Film Review: WENDY
Mar 09 2020

Film Review: Wendy

By: Fritz Esker

Wendy, director Benh Zeitlin's follow-up to 2012's Oscar-nominated Beasts of the Southern Wild, received lukewarm reviews at the Sundance Film Festival. Those reactions were deserved, as Wendy fails to find magic in its re-imagining of the Peter Pan tale.

Wendy (Devin France) is a rural Southerner whose single mom works in a diner. One night, she hops on a mysterious train with her brothers (Gage and Gayin Naquin) and soon they find themselves on an enchanted island that is home to the eternally young Peter Pan (Yashua Mack) and his followers.

On occasion, the movie seems like it will become a thoughtful examination of the ways in which children have the spirit beaten out of them as they become adults. However, the shapeless script fails to get much narrative momentum going.

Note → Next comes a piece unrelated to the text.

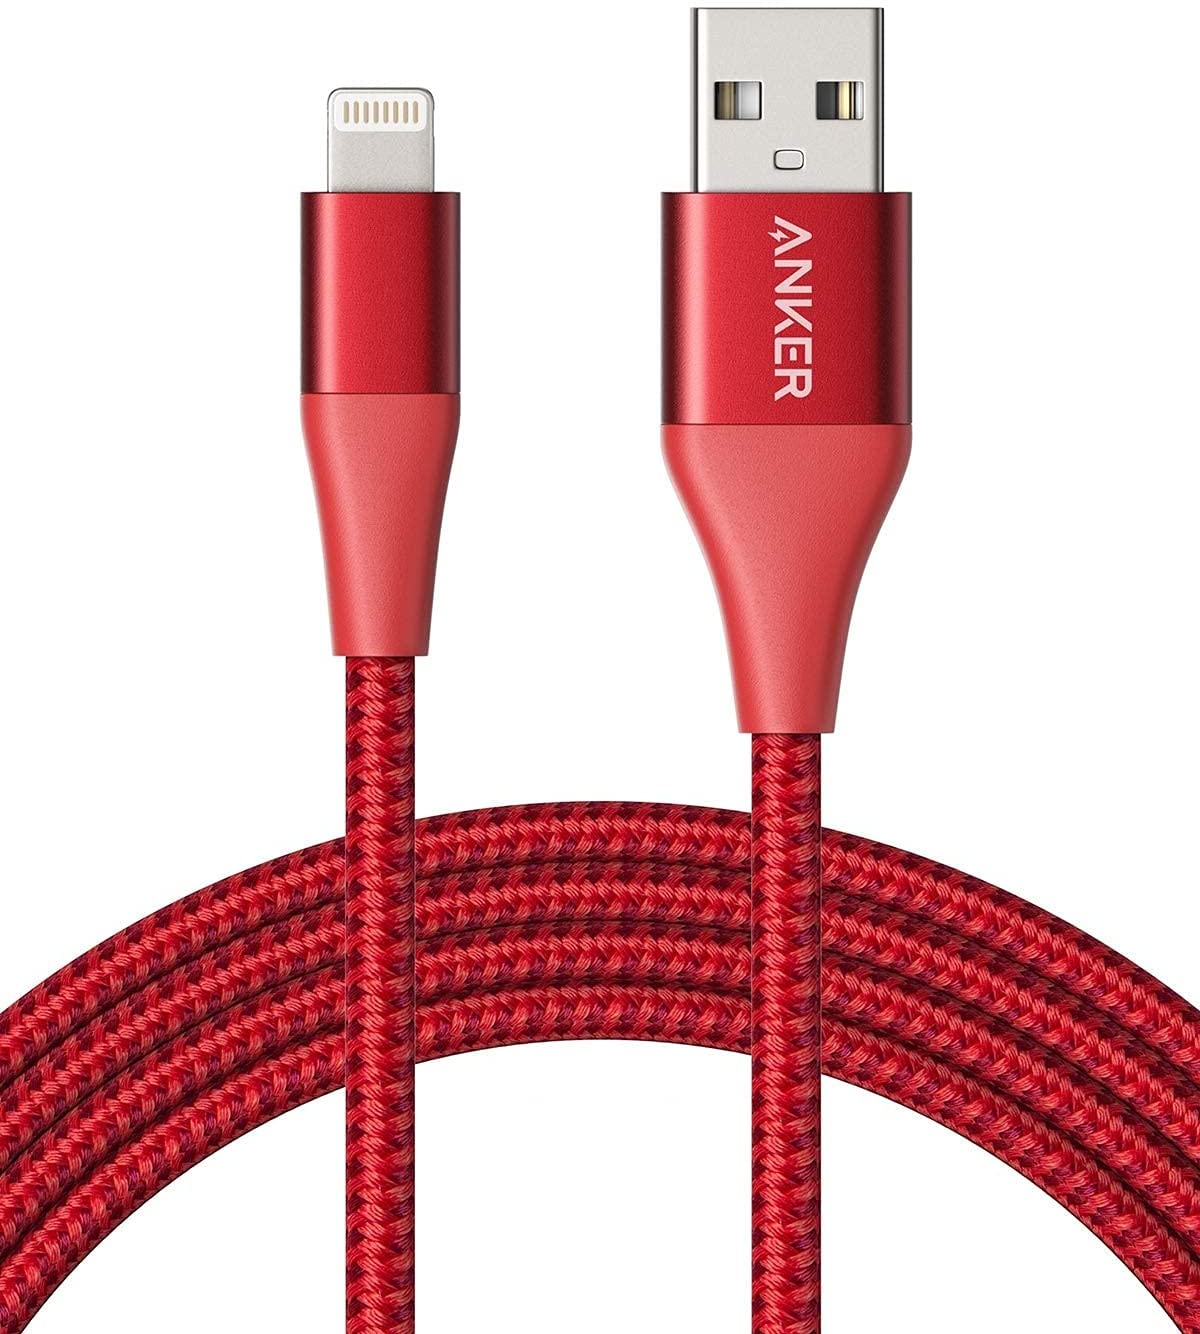 Anker Powerline+ II Lightning Cable (6ft), MFi Certified for Flawless

The pacing is glacially slow and its 112 minute running time feels an hour longer. There's also stilted, awkward voiceover narration throughout.

The one positive note is that the child actors all acquit themselves well. It's a shame the script lets them down.

Full disclosure: I was not a fan of Beasts of the Southern Wild, so if that film is one of your cherished favorites, you should take the above words with the requisite grains of salt.